Drużyna z Zawiercia gra i mało trenuje ponieważ nie ma na to czasu pomimo tego jest w bardzo dobrej formie o czym świadczą dotychczasowe rezultaty. – Wiedzieliśmy o tym, że musimy być dobrze przygotowani do meczów szczególnie w listopadzie i grudniu (zawiercianie w PlusLidze i Lidze Mistrzów rozegrają łącznie 16 meczów – przyp .red.), kalendarz nas na pewno nie zaskoczył. Okres przygotowawczy spędziliśmy na ciężkiej pracy, obecnie trenujemy intensywnie ale niewiele. Każdego dnia słyszymy, że 30 minut głównego treningu musi być wykonane na 100% ponieważ nie możemy obecnie trenować w hali ponad 2 godziny. Powoduje to, że jest różnica pomiędzy zawodnikami którzy grają, a tymi którzy nie grają. Próbujemy to nadrabiać indywidualnymi ćwiczeniami – dodał szkoleniowiec.
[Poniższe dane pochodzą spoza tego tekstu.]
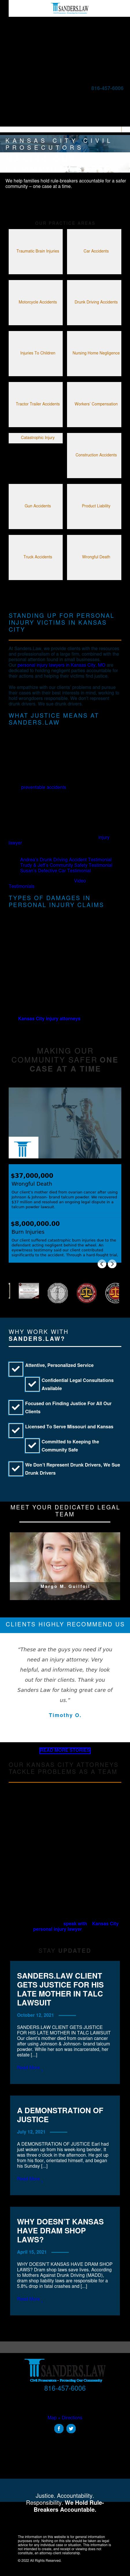 Sanders.Law - Kansas City MO Lawyers

Celem Aluron CMC Warty Zawiercie jest zajęcie pierwszego miejsca w grupie, cel ten wydaje się być realny. – Naszą motywacją w Lidze Mistrzów jest zajęcie pierwszego miejsca w grupie. Gdyby nam się to udało to rozegramy dwa mecze mniej ww kolejne rundzie, mamy realną szansę na zajęcie tej lokaty. Wiadomo, ze nie będzie to prosta sprawa, do meczów w tych rozgrywkach musimy podejść również skoncentrowani. W grudniu nie będziemy mieli dalekich wyjazdów, co na pewno będzie naszym atutem. Obecnie robi się u nas dzień świstaka, musimy wyjść i zagrać jak najlepiej się da i musimy odpoczywać. Ten odpoczynek w naszym przypadku jest najważniejszy. Najpierw zagramy w Lidze Mistrzów w hali w Dąbrowie Górniczej, potem w niedzielę w Krakowie z Barkomem, a 8 grudnia we własnej hali ze Ślepskiem, po czym pojedziemy na mecz do Lubina. Zastanawialiśmy się przed spotkaniem z Projektem, co mamy robić w poniedziałek, przed wyjazdem do Dąbrowy Górniczej. Na pewno nie jest łatwo, o czym świadczy wynik meczu Jastrzębskiego Węgla z Cuprum Lubin. Gospodarze niemal prosto z podróży musieli grać spotkanie i je przegrali z drużyną z niższego miejsca w tabeli. Takie porażki są wkalkulowane w grę, może po prostu drużynie „odciąć prąd” – zakończył Oskar Kaczmarczyk.